A reason to these strong throughput results is the use of XDP, which allows BMC to answer to GET requests very early in the Linux network stack. Intercepting and processing TCP requests at this point in the stack would however be difficult, which is why BMC is currently limited to UDP requests. This also limits the relevance of BMC for other key-value stores such as Redis.

Because Redis requests are only transmitted over TCP, adapting BMC to Redis requires the support of the TCP protocol. This can be done by either sending acknowledgements from an eBPF program or reusing the existing TCP kernel implementation by intercepting packets past the TCP stack.

As pointed out by the authors, they could intercept TCP requests higher up in the Linux stack, but the performance benefit would then be smaller.

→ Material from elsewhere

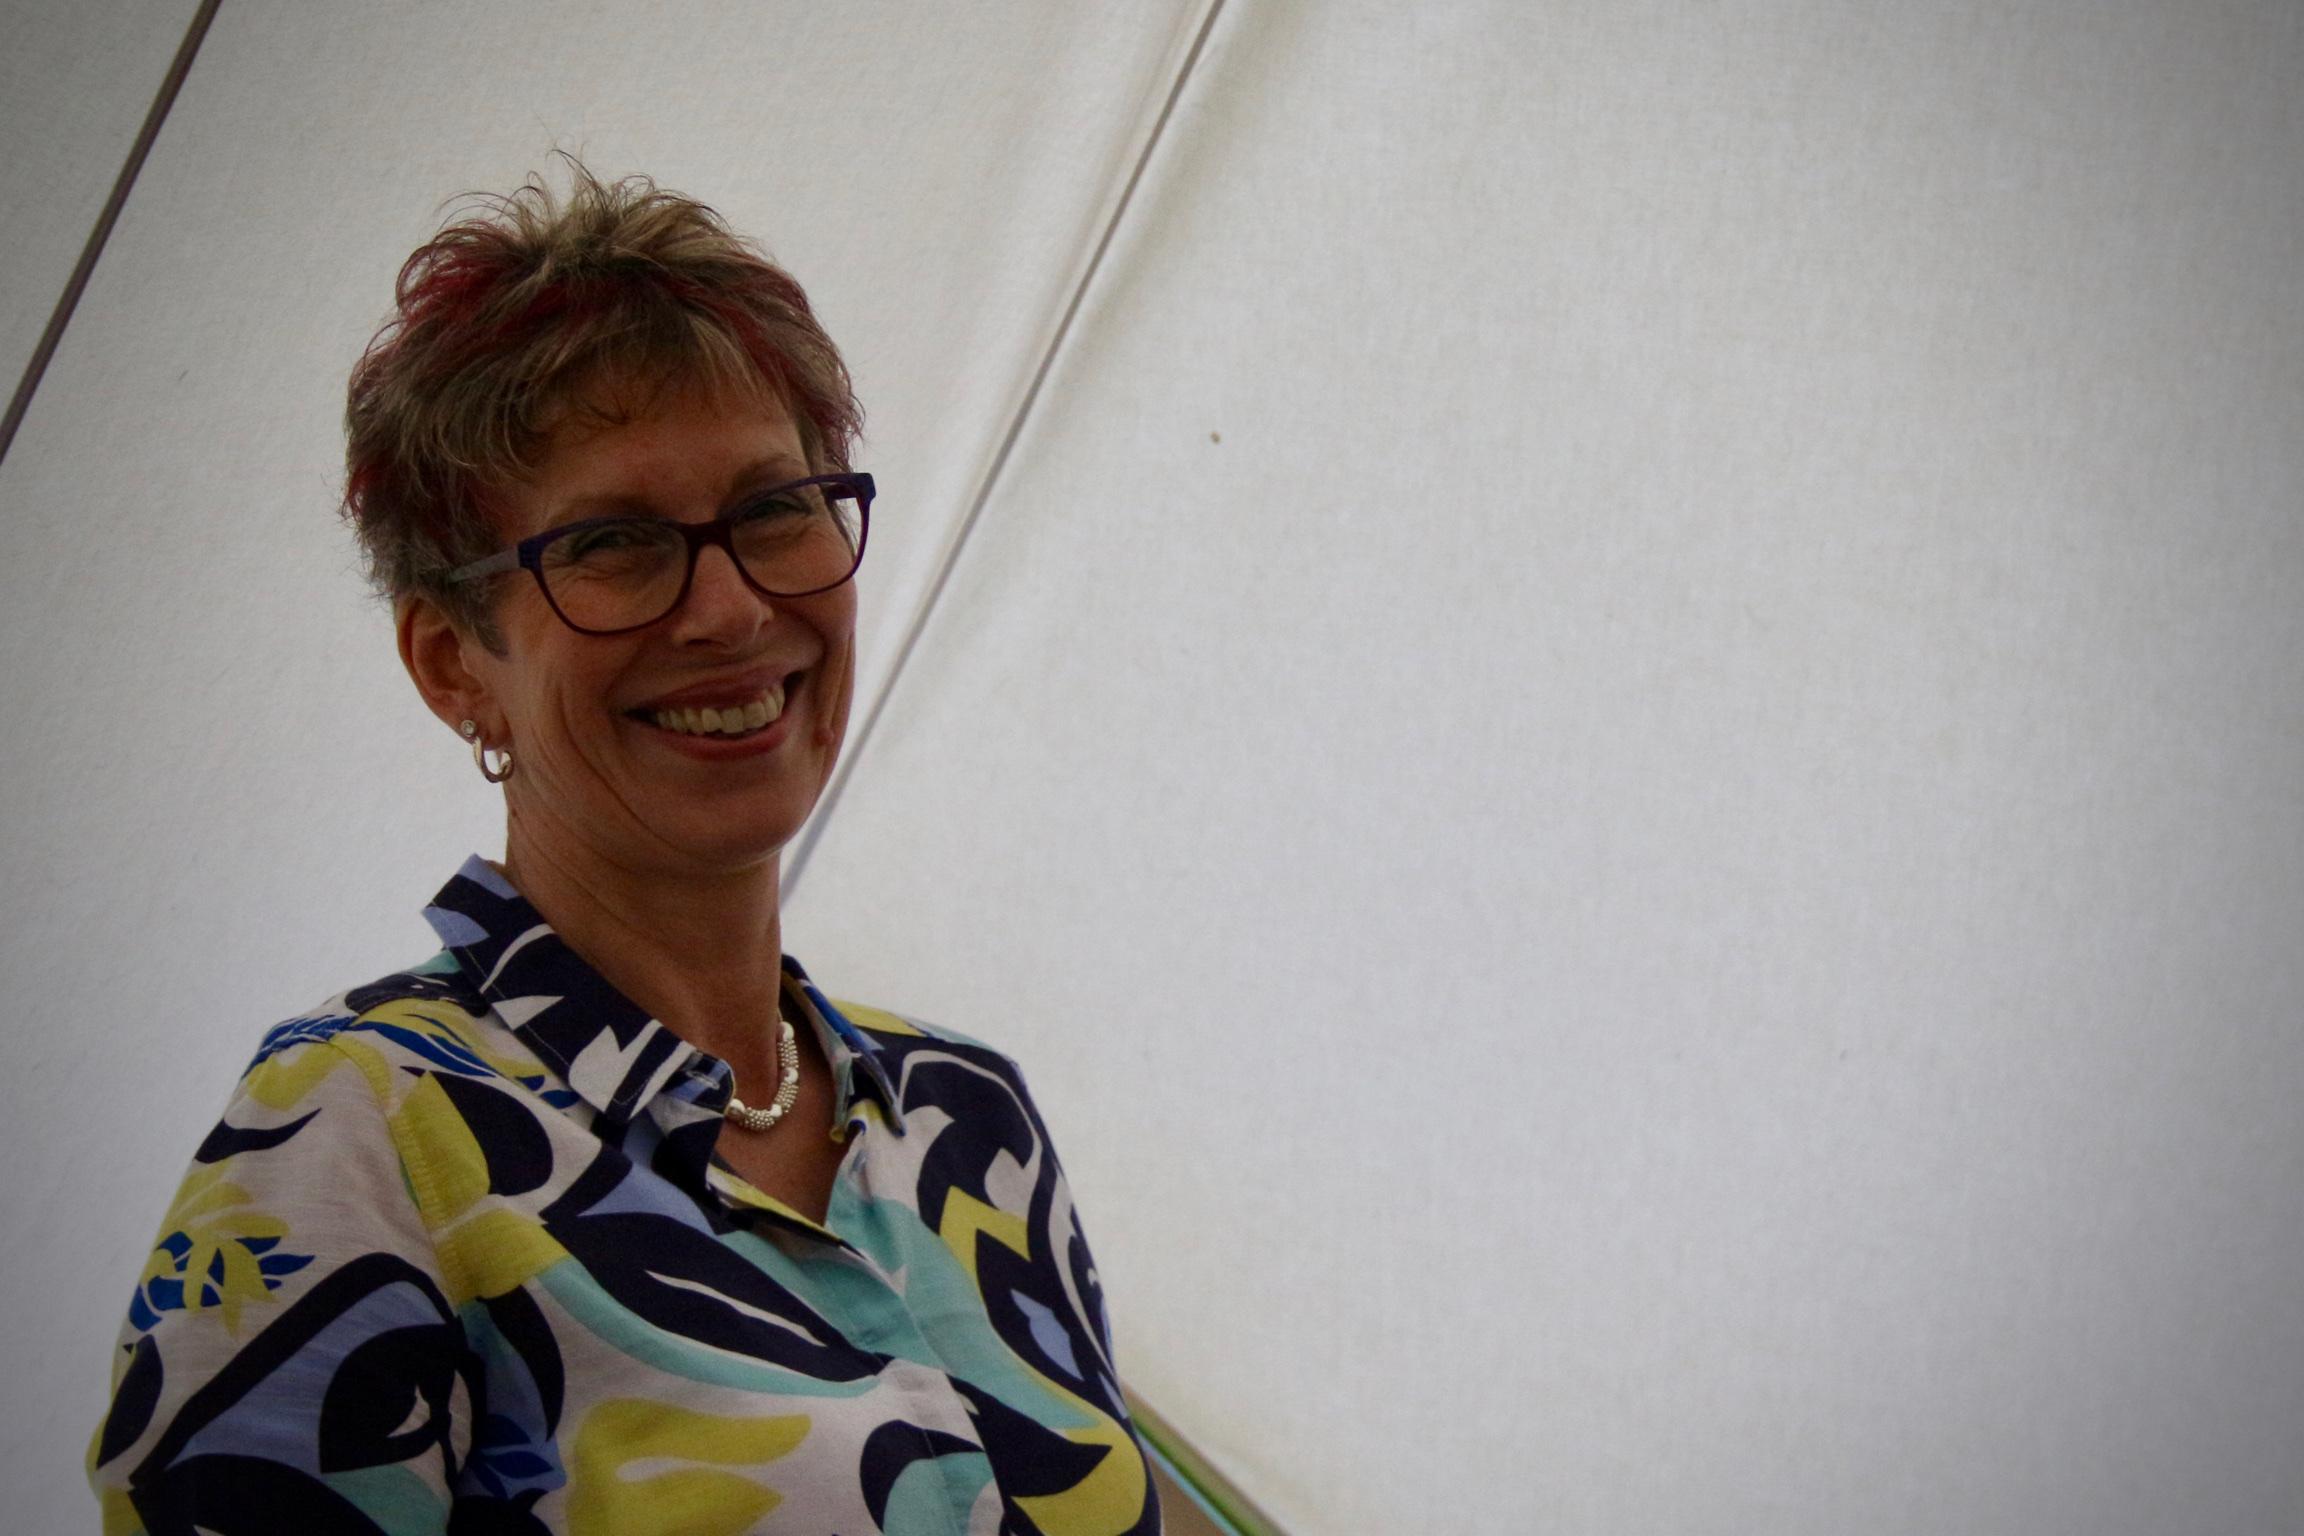 Judie Ellis

The authors note another interesting limitation, directly derived from the use of BPF:

Although static memory allocation enables the verification of BMC’s eBPF programs, it also wastes memory. BMC suffers from internal fragmentation because each cache entry is statically bounded by the maximum data size it can store and inserting data smaller than this bound wastes kernel memory.

Dynamic memory allocation would help a lot here!


It’s hard to say how relevant this work is to production Memcached servers. Several clues6 seem to indicate Memcached may be more common over TCP, except maybe at Facebook. It’s also unclear that CPU—and not memory—is the bottleneck on most Memcached servers.

In any case, it’s exciting to see BPF applied to application protocols. The authors managed to create a high-performance cache for an application protocol despite the constraints of the BPF verifier. And although I would have loved to see throughput evaluations for other key distributions, the paper’s evaluations are fairly extensive. They highlight various trade-offs of BMC vs. MemcachedSR. Go check it out!

The source code of BMC and MemcachedSR is on GitHub, with steps to reproduce at home.

  1. How the pruning points are determined depends on kernel versions, but they may include helper calls or branch targets. 

  2. BMC requires Linux 5.3+. 

  3. For example, Cilium performs the same action to answer ARP queries. 

  4. Inlining helpers (array map lookup, tail calls) requires the addition of bounds checks. 

  5. Facebook has been reported to have 384GB of memory for their Memcached servers. 

  6. Seastar performs a lot better over TCP and Memcached has this lock contention over UDP sockets. Could it be because users are more interested in the TCP performance?